Ongoing experiments focus on both comparative genomics and on building and testing a model that combines our observations of the roles of small and long, noncoding RNAs, together with DNA and histone modifications and experimental studies of chromatin, to elucidate the cascade of events that take place during genome rearrangement. The field of epigenetics, particularly RNA-mediated epigenetic inheritance, is presently taking off, and our discoveries have been on the forefront of this discipline, revealing both new classes and functions of small and long, noncoding RNAs, and new roles for RNA in regulating a range of phenomena, from genome rearrangement to RNA-mediated DNA repair and gene dosage.
The genomic tools and functional approaches in our lab will pave the way for future studies of other species with extensive genome rearrangements, including non-ciliate microbial eukaryotes (Landweber, 2007) and disease models (Fang et al. 2013). The lab has worked on a range of non-canonical model systems, including trypanosomes (Landweber & Gilbert 2003, 2004) and slime molds (Horton & Landweber, 2000, 2002; Schaap et al. 2015) and occasionally more conventional model organisms (Liang et al. 2005 Genome Biol; Liang & Landweber, 2006, 2007; Cavalcanti et al. 2006; Fang et al. 2012 Biol Direct). We are also very keen to examine the possible roles of RNA-guided DNA rearrangement and repair (Nowacki et al. 2008) as setting the stage for diseases of the genome such as cancer (Fang et al. 2012 Biol Direct) that may be a direct consequence of genome instability and rogue DNA rearrangements. This is in striking contrast to Oxytricha’s precision control of genome reorganization (Bracht et al. 2013 Cell).

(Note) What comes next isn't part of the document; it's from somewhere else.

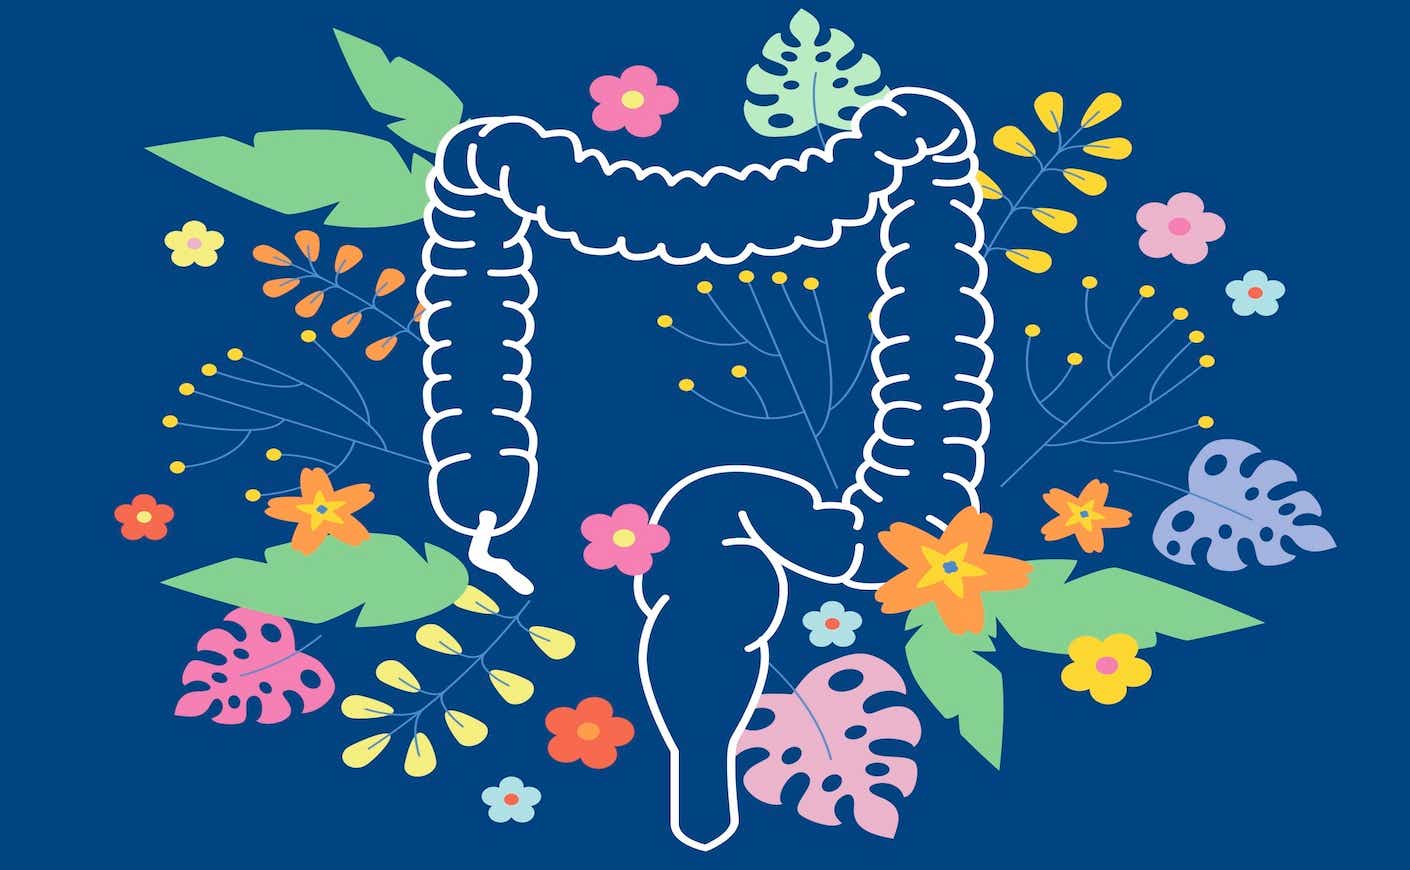 an illustration of a colon surrounded by flowers

With our move to Columbia University, research in our lab continues to expand in several directions, including single-cell and single nucleus experiments, coupled with genome or proteome analysis. Mass spectrometry facilitates the discovery of proteins present in differentiating nuclei or that interact with key players during development (Fang et al. 2012). It has also confirmed expression of hundreds of germline-limited genes and their post-translational modifications (Chen et al. 2014). These offer candidates for roles in the genome rearrangement process. Furthermore, we continue to develop tools to improve the ease of manipulating Oxytricha cells for genome editing.

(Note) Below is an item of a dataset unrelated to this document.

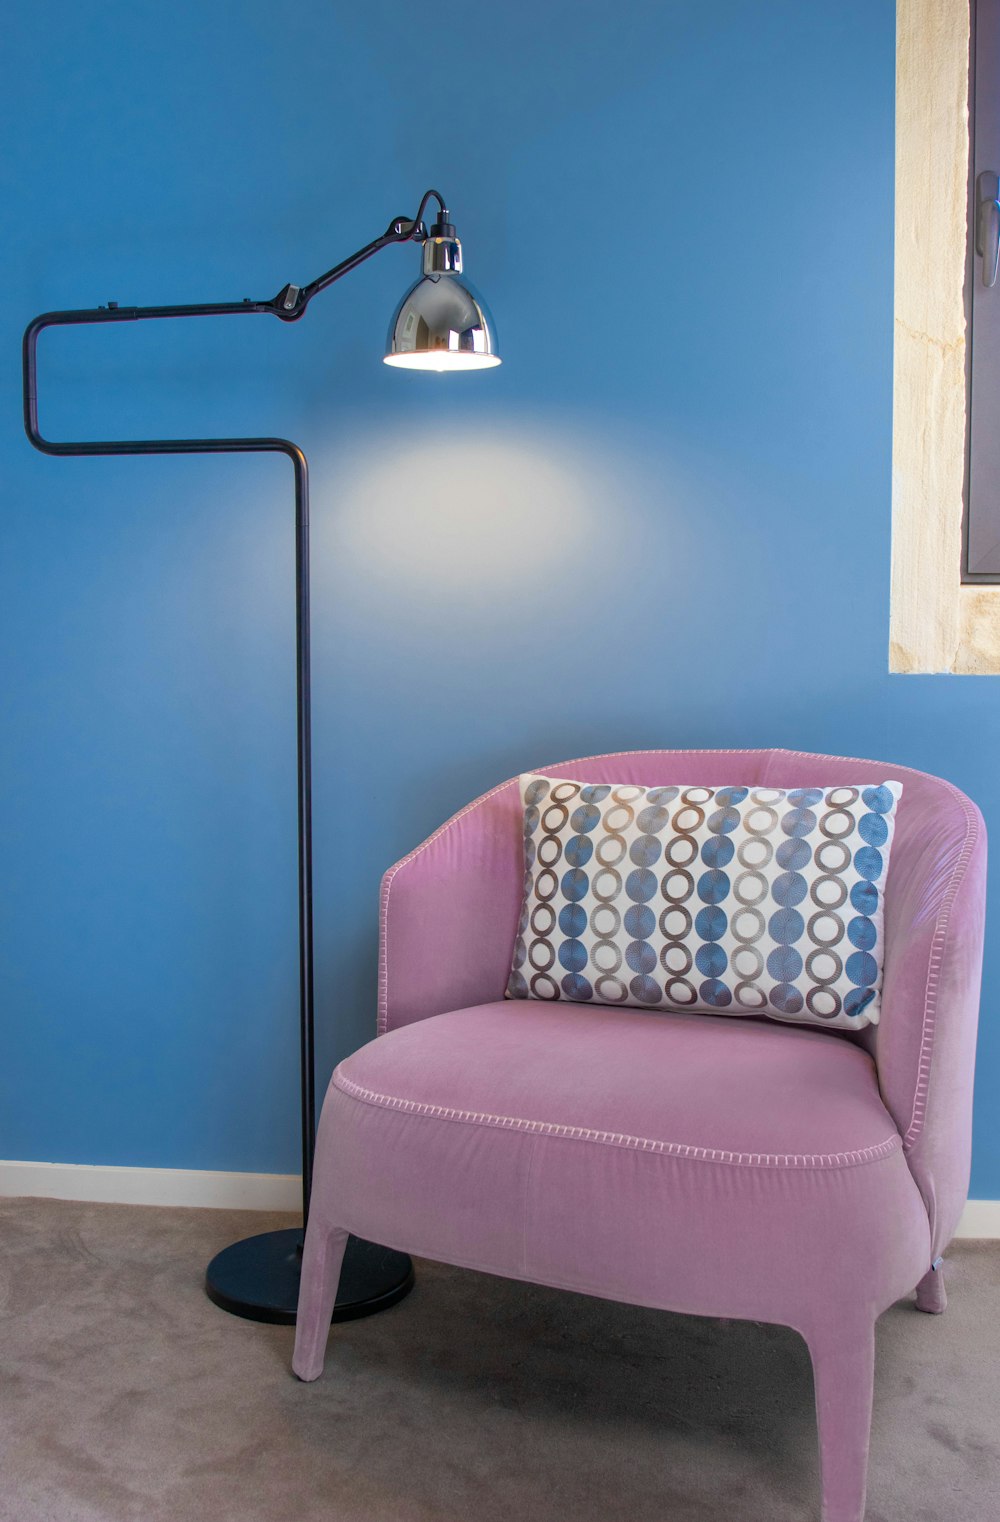 turned-on cantilever lamp beside sofa chair

The combination of high-resolution genomic analyses and functional molecular experiments in Oxytricha and other species will lead to a broader understanding of the acrobatic processes of genome rearrangement that can accumulate in an organism over both evolutionary time or on the scale of somatic mutation. On a grand scale, these events at the genomic level contribute to the diversification of life on our planet, showcasing the astonishing range of genetic mechanisms available to eukaryotes.